You can see the LF tire is 3”+ off the ground, while the LR tire is on the ground.

78432

Here is an entertaining photo of a Mustang Autocrossing with excessive Roll Angle. :seizure:
You can see the LF tire is 4”+ off the ground, while the LR tire is on the ground.
(Hope I am not embarrassing the car’s owner. Just needed an example.)

78433

But, as long as the car we’re tuning doesn’t have excessive roll angle, stiffening the ARB's do keep the car flatter, spreading the load more evenly over all 4 tires, giving the car more grip. In my experience with all forms of race cars, the race team engineers & myself found increasing ARB rate always made the suspension run flatter … and always worked the inside tires more & the outside tires less … but we were not working with excessive Roll Angle situations.

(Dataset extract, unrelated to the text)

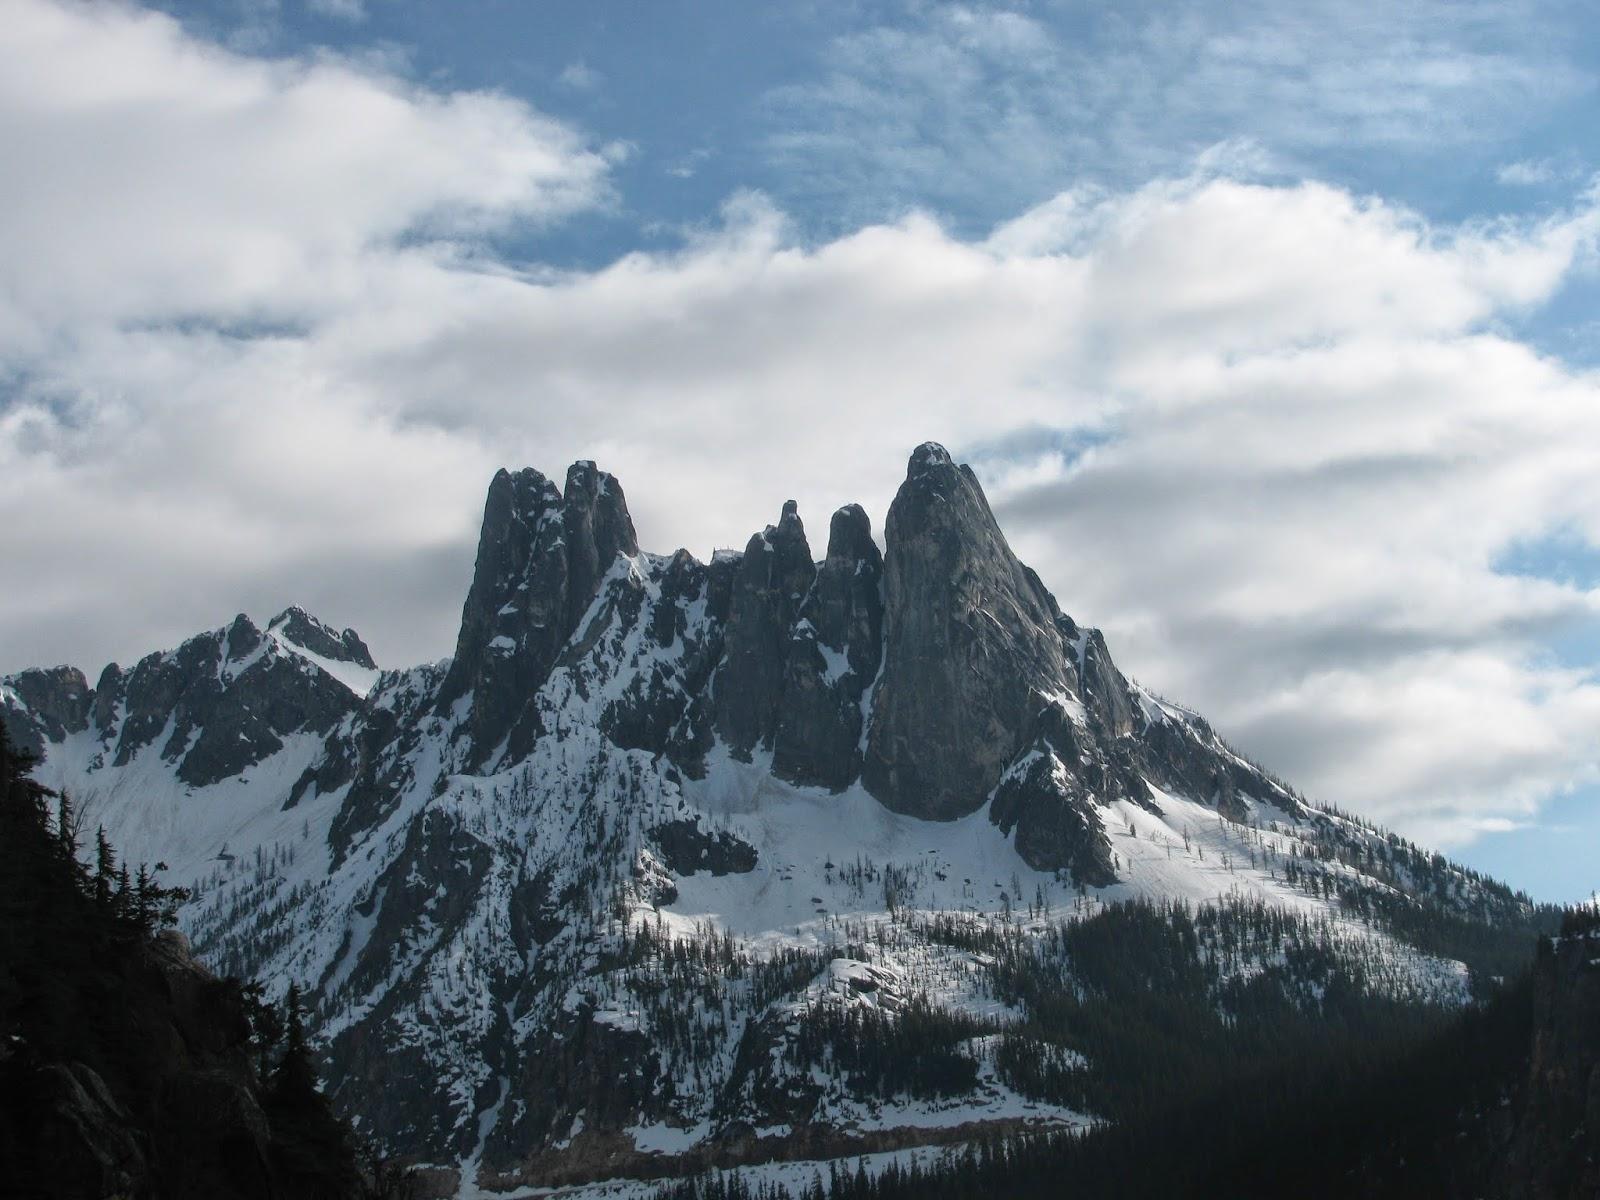 American Alpine Institute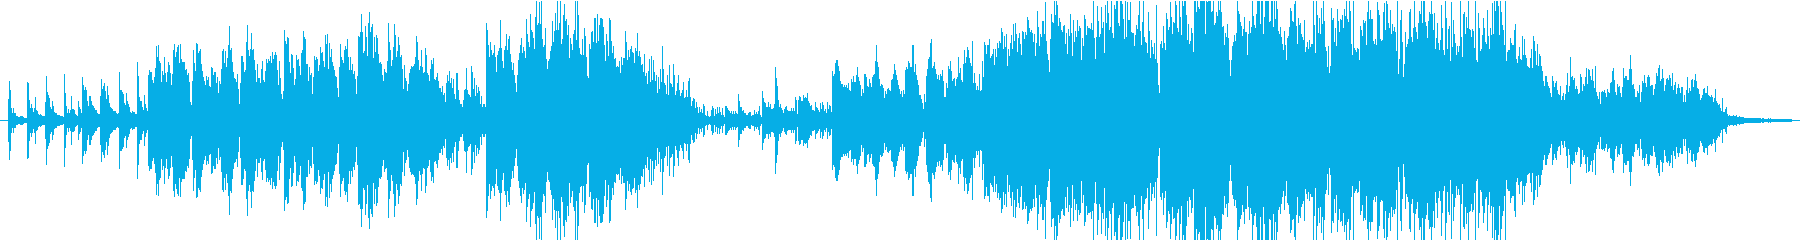 ピアノとサックスだけの静かなバラードの再生済みの波形

When testing on 7-post rigs, and even more simple pull-down rigs, you can see the increased loading of the inside tires with stiffer ARB rates. It shows up right on the screen with increased wheel load cell readings. Of course, the track is the best test, and more fun.

In professional oval track & road racing, when we're in the "happy window," a slightly stiffer ARB, or a little pre-load, helps us to works the inside front tire … making the car turn better. In oval track racing this is most critical, because the spring packages in front are very soft.

If we stiffen the ARB too much, it will actually start engaging the LR tire more ... which is normal ... tightening the car up, especially in the middle & exit of the corner. It’s obvious to see with our on-board data acquisition systems, but less equipped racers simply look at the tire temps. When a temp goes up, you’re working that tire more. When a temp goes down, you’re working it less. The only thing that tricks some racers here is when they are sliding, pushing or spinning a tire … will also get hotter.

We do run into excessive Roll Angle situations … which is easy for us to see … because the car doesn’t gain load on any of the inside tires with stiffer ARB rates. How we fix this, depends on the class of racing. If we’re on a coil-bind set-up, we have to install a spring with a taller bind height. If we’re on a bump stop set-up, we simply add a shim. If we’re on a “soft spring/big bar” set-up, we increase the spring rate 1 step. We could adjust on the Roll Center, but only if we run out of options or find it was lower than optimum.

Occasionally, with less experienced Racers, we find they have the CG too high, or the Roll Center way too low (under ground) … and these require work I consider above & beyond normal track tuning … more like their baseline chassis design or set-up wasn’t optimum.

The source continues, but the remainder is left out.